Millionen von Tagelöhnern aus zentralasiatischen Ex-Sowjetrepubliken schufteten bisher in Russland. Mit der Wirtschaftskrise verlieren viele ihre Jobs – und in der Heimat wartet auf sie nur Chaos. Manch einer von ihnen schliesst sich deswegen dem IS an – weil dieser Geld und Unterkunft verspricht.

Legende: Video IS profitiert von russischer Wirtschaftskrise abspielen. Laufzeit 2:02 Minuten.
Aus Tagesschau vom 04.04.2015.

Die Billigarbeiter aus Zentralasien schuften in Moskau zu Dumpinglöhnen. Als Bauarbeiter und Hauswarte verdienen sie rund 15‘000 Rubel im Monat. Vor dem Währungscrash waren das knapp 400 Euro.
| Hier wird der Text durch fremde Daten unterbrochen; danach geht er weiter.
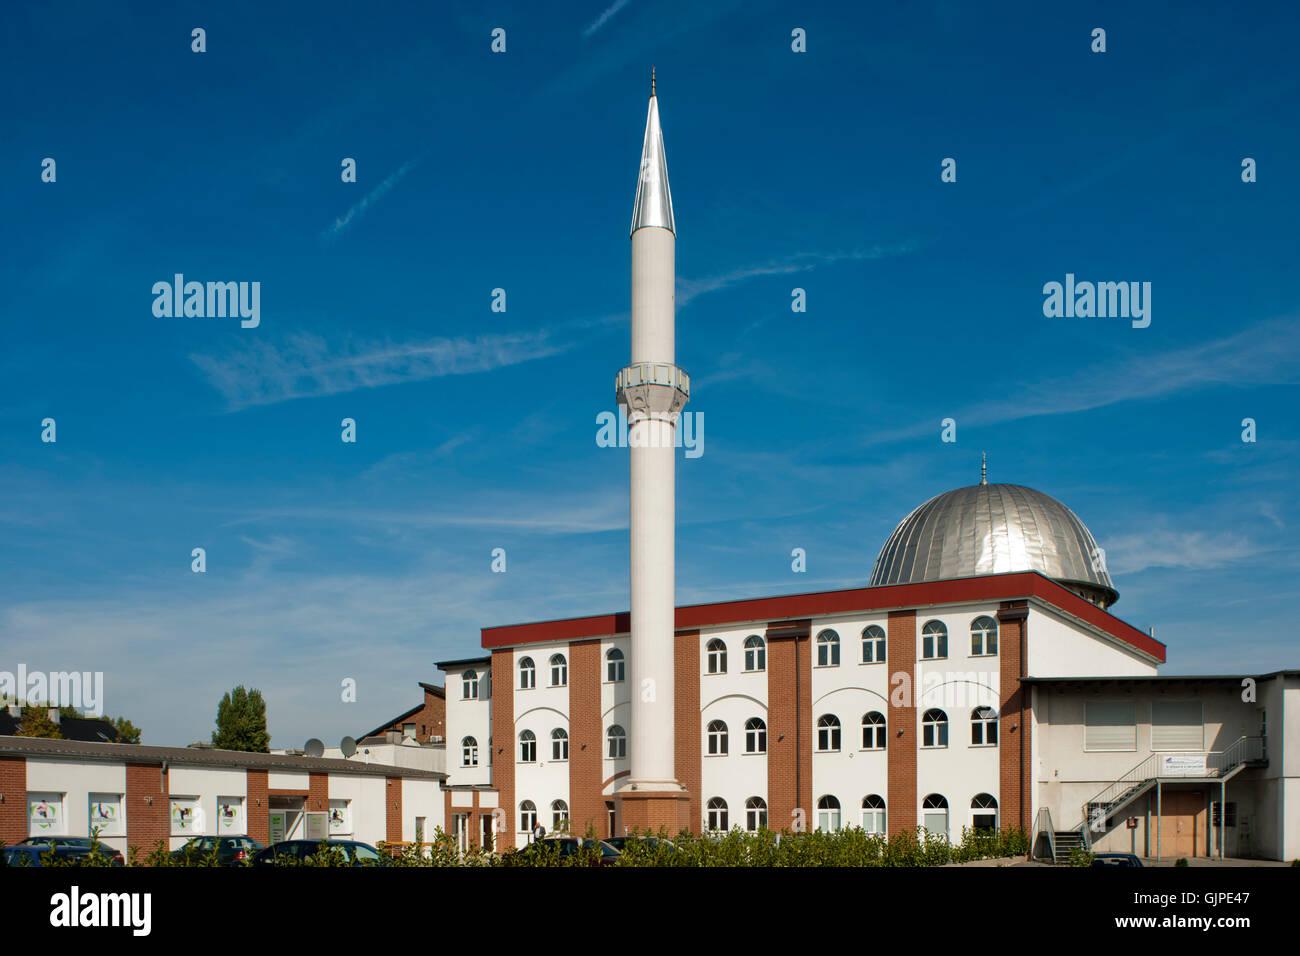 Deutschland, Nordrhein-Westfalen, Mühlheim an der Ruhr, Fatih-Moschee - Stock Image

Heute erhalten sie nur noch 200 Euro.

Der IS als Krankenversicherer

«Ich fahre nach Hause. Hier macht das alles keinen Sinn mehr, zu wenig Geld», sagt der Gastarbeiter Nursultan Kabaiew. Vor der tadschikischen Botschaft in Moskau drängen sich Menschen – es sind Tagelöhner, die Ausreisepapiere beantragen.

Menschenansammlung vor Wechselstube
Legende: Wirtschaftschaos: Menschen vor einer Wechselstube in Duschanbe, der Hauptstadt der Ex-Sowjetrepublik Tadschikistan. Reuters

Doch zuhause, in den muslimisch geprägten Ex-Sowjetrepubliken Tadschikistan, Usbekistan und Kirgistan, wartet auf diese Männer nur wirtschaftliches Chaos.

Das sei der ideale Nährboden für Schergen der Terrororganisation Islamischer Staat (IS), sagt der Chef des Verbandes der Arbeitsimmigranten, Bachrom Chamoiew: «Viele werden sich als Söldner anwerben lassen und in Syrien kämpfen. Sie sehen für sich oft keinen anderen Ausweg.» Wer sich dem IS anschliesst, erhält einen Lohn – und oft noch Kranken- und Sozialversicherung.

Hunderte Kämpfer aus zentralasiatischen Armenhäusern

Auch in den kirgisischen Medien ist die Problematik ein Thema. Ein Fernsehbeitrag zeigt festgenommene Männer – die angeblich vom IS angeworben wurden. Unter ihnen sollen sich offenbar auch ehemalige Tagelöhner befinden. Sie hätten nach Syrien und in den Irak reisen sollen – wo für die radikalen Islamisten bereits hunderte Männer aus den Armenhäusern Zentralasiens kämpfen.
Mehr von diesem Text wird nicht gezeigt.